Other typical examples: different experimental conditions or treatments.
```{r model_factorial}
plot(Petal.Width ~ Species, data=iris)
fit=lm(Petal.Width ~ Species, data=iris)
summary(fit)
```
*Interpretation*:
- "setosa" (1st species) has mean Petal.Width=0.246(29) - reference baseline
- "versicolor" (2nd species) has mean Petal.Width = Petal.Width(setosa) + 1.08(4)

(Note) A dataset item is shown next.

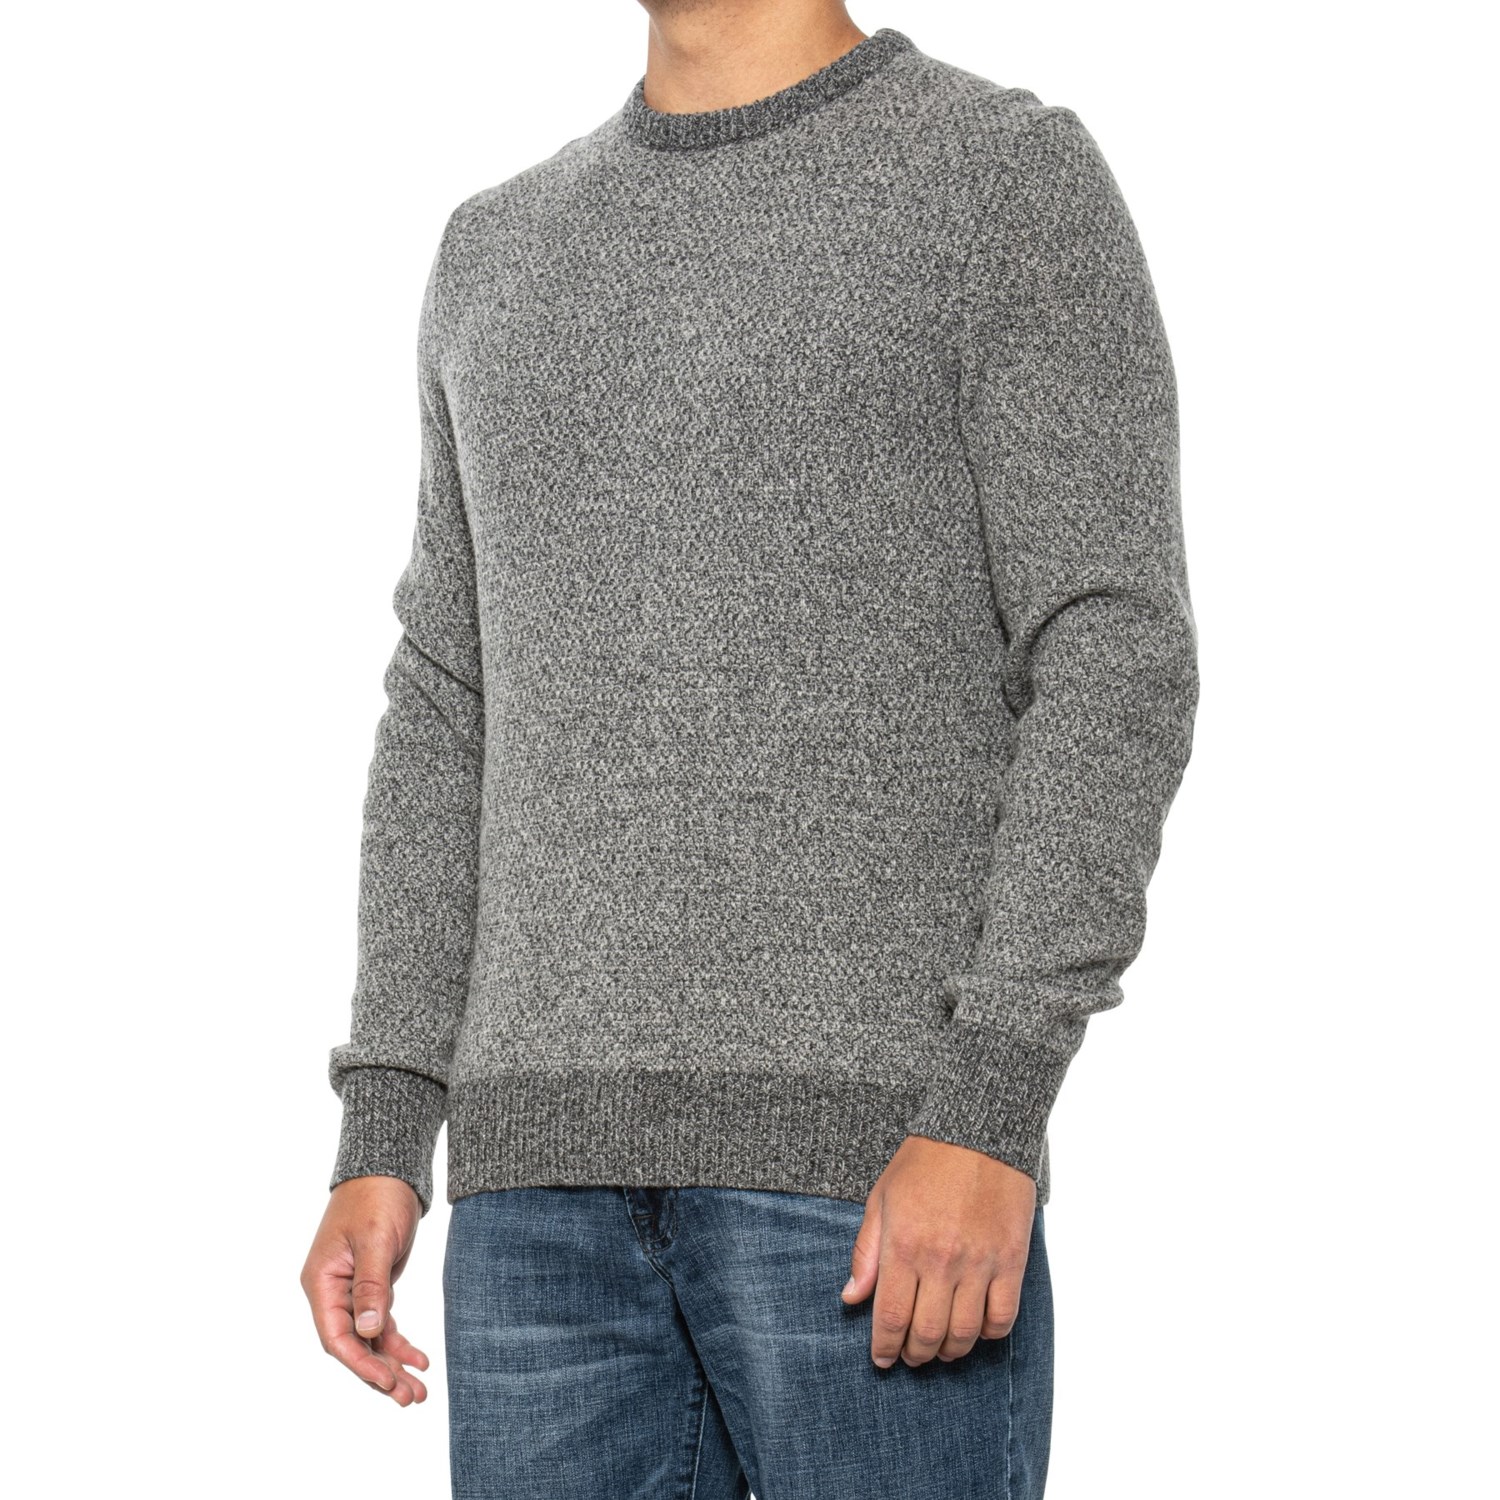 Barbour Harrison Knit Sweater (For Men) - Save 52%

- "virginica" (3rd species) has mean Petal.Width = Petal.Width(setosa) + 1.78(4)
# Anova
`summary(fit)` contains information on the individual coefficients. They are difficult to interpret
```{r anova}
anova(fit)
```
**Interpretation**: variable "Species" accounts for much variation in "Petal.Width"
***
# More complicated models
Determine residual standard error `sigma` for different fits with various complexity
```{r model_comp}
# A list of formulae
formula_list = list(
Petal.Width ~ Petal.Length, # as before (single variable)
Petal.Width ~ Petal.Length + Sepal.Length, # function of more than one variable
Petal.Width ~ Species, # function of categorical variables
Petal.Width ~ . # function of all other variable (numerical and categorical)
)
sig=c()
for (f in formula_list) {
fit = lm(f, data=iris)
sig = c(sig, sigma(fit))
print(paste(sigma(fit), format(f)))
}
# more concise loop using lapply/sapply
# sig = sapply(lapply(formula_list, lm, data=iris), sigma)
op=par(no.readonly=TRUE)
par(mar=c(4,20,2,2))
barplot(sig ~ format(formula_list), horiz=TRUE, las=2, ylab="", xlab="sigma")
par(op) # reset graphical parameters
```
... more complex models tend to have smaller residual standard error (overfitting?)
***
# Model Checking: Diagnostic Plots
"fit" is a large object of the lm-class which contains also lots of diagnostic informmation.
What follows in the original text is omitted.